The offer of the Securities and, if this Subscription is accepted by the Company, the sale of Securities, is being made in reliance upon Section 4(2) and/or Rule 506 of Regulation D of the Securities Act or Rule 903 of Regulation S promulgated under the Securities Act; and

WHEREAS, the Subscriber desires to purchase that number of Units set forth set forth opposite such Subscriber’s name on such signature page hereto on the terms and conditions hereinafter set forth.

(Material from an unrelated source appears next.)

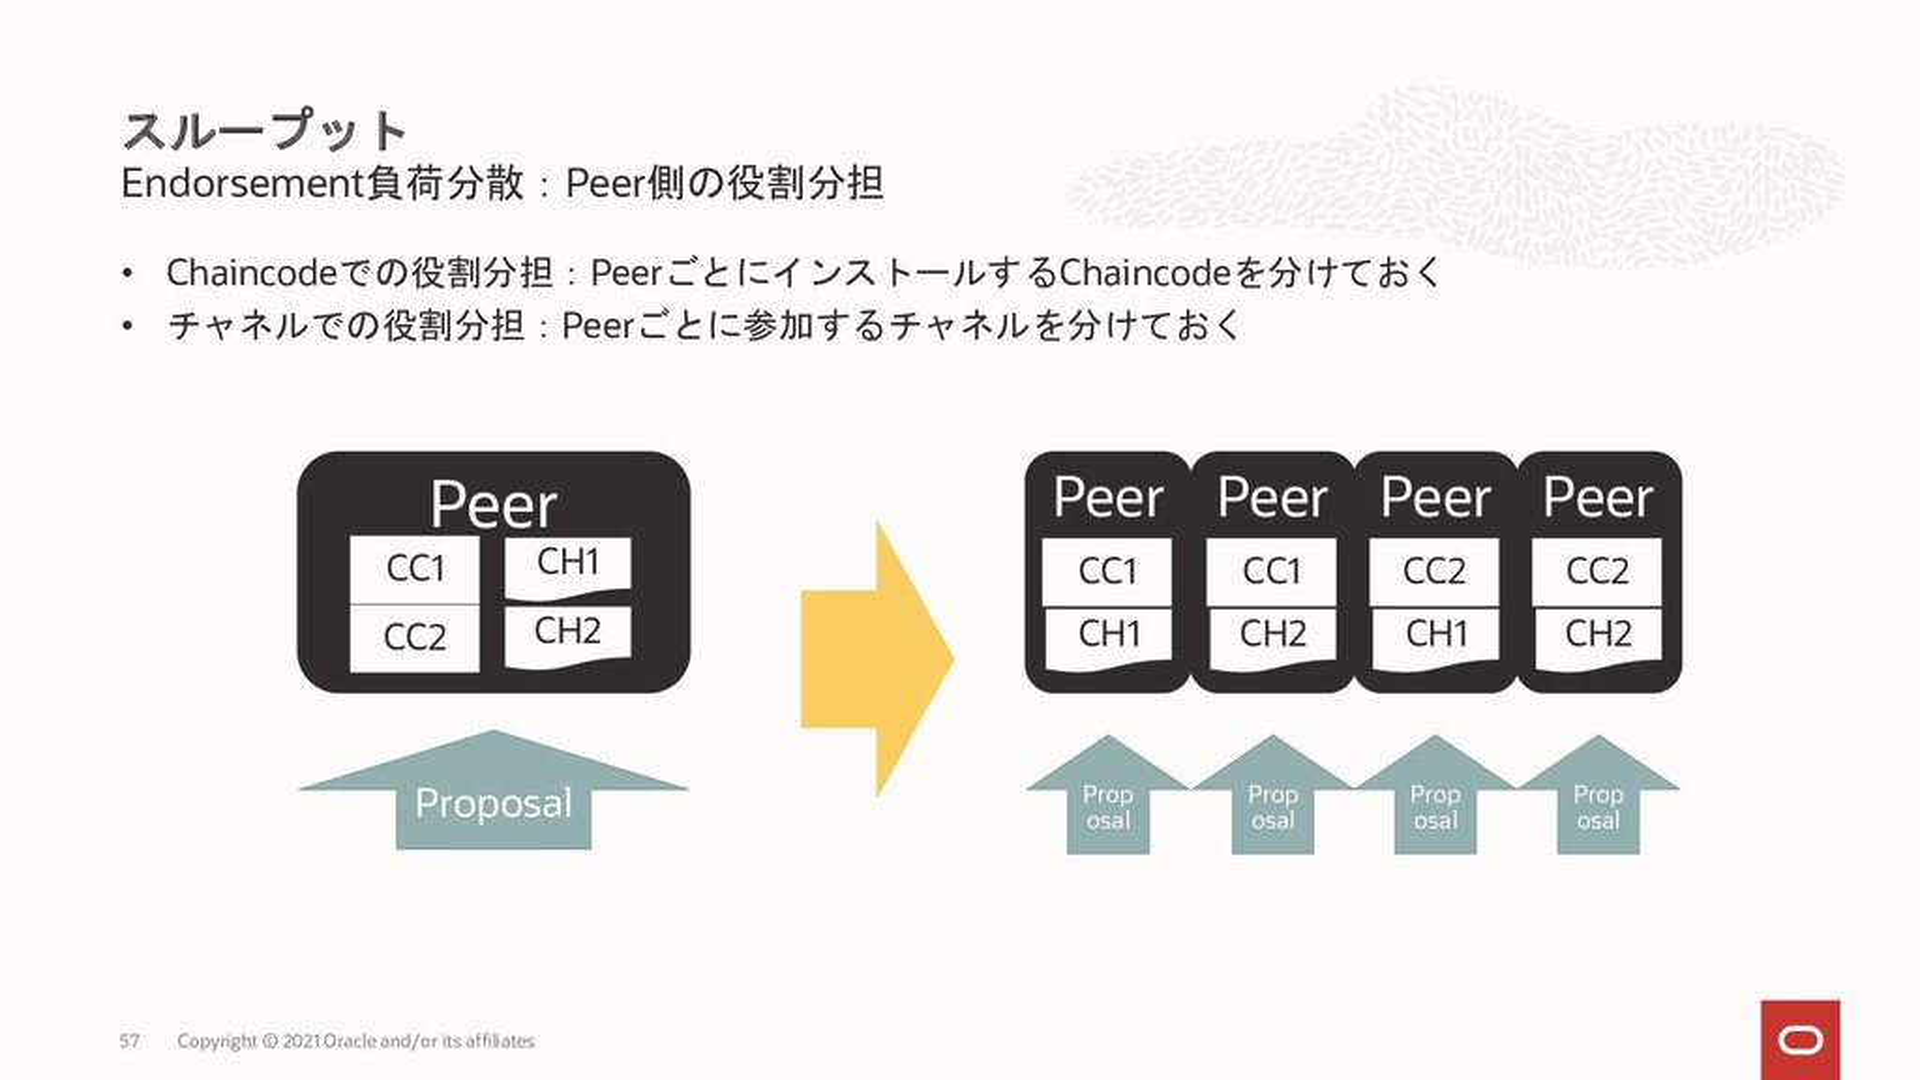 Endorsement負荷分散:Peer側の役割分担 • Chaincodeでの役割分担:Pe...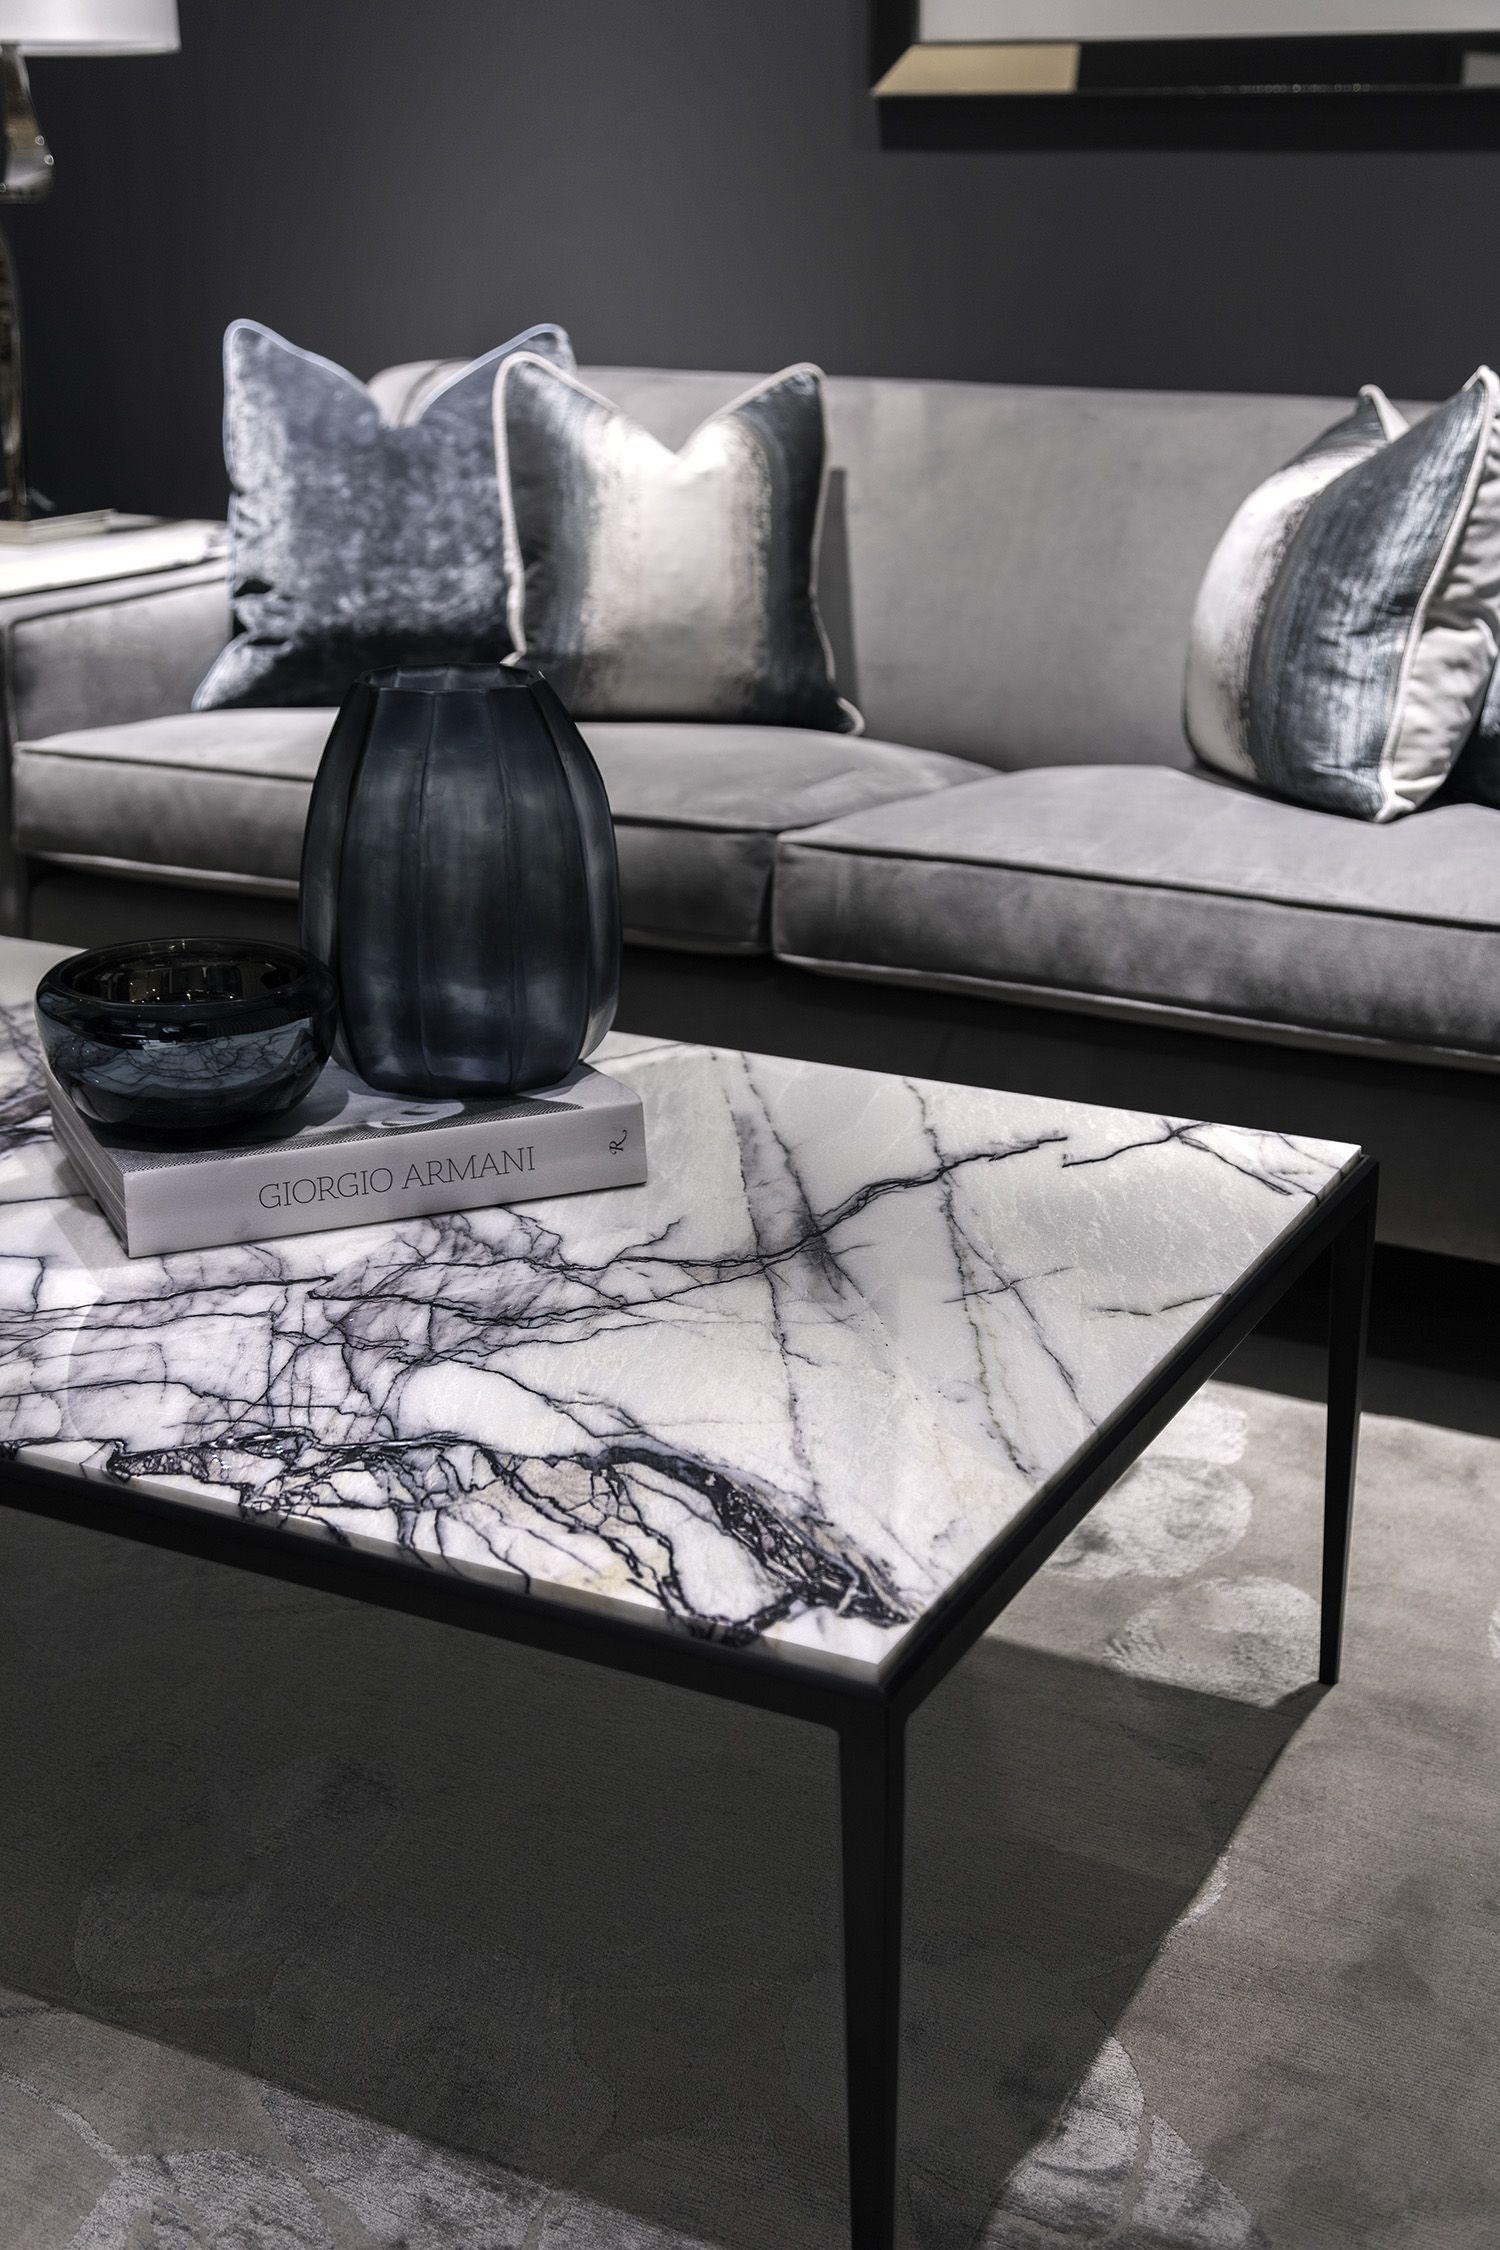 Sleek Design Slender Lines Luxurious Our Henley Marble Coffee Side Tables Ensure They Look Luxurious But Do Not Lakberendezes Otletek Furdoszoba Otletek

I.           SUBSCRIPTION FOR SECURITIES; COVENANTS OF THE COMPANY

1.1       Subscription for Securities.  Subject to the terms and conditions hereinafter

set forth and in the Confidential Offering Memorandum dated …………………………. (such memorandum, together with all amendments thereof and supplements and exhibits thereto, the “Memorandum”), the Subscriber hereby irrevocably subscribes for and agrees to purchase from the Company, and the Company agrees to sell to the Subscriber, such number of Units as is set forth on the signature page hereof.  The purchase price is payable by wire transfer to the Company in accordance with the wire instructions set forth on Exhibit B attached hereto.

 

1.2        Offering Period.  The Shares will be offered for sale until the earlier of (i) the date upon which subscriptions for the Maximum Offering offered hereunder have been accepted, (ii) …………………………………………………………. (subject to the right of the Company to extend the offering for up to an additional 90 days without further notice to investors), or (iii) the date upon which the Company elects to terminate the Offering (the “Termination Date”).  The Offering is being conducted on a “best-efforts” basis.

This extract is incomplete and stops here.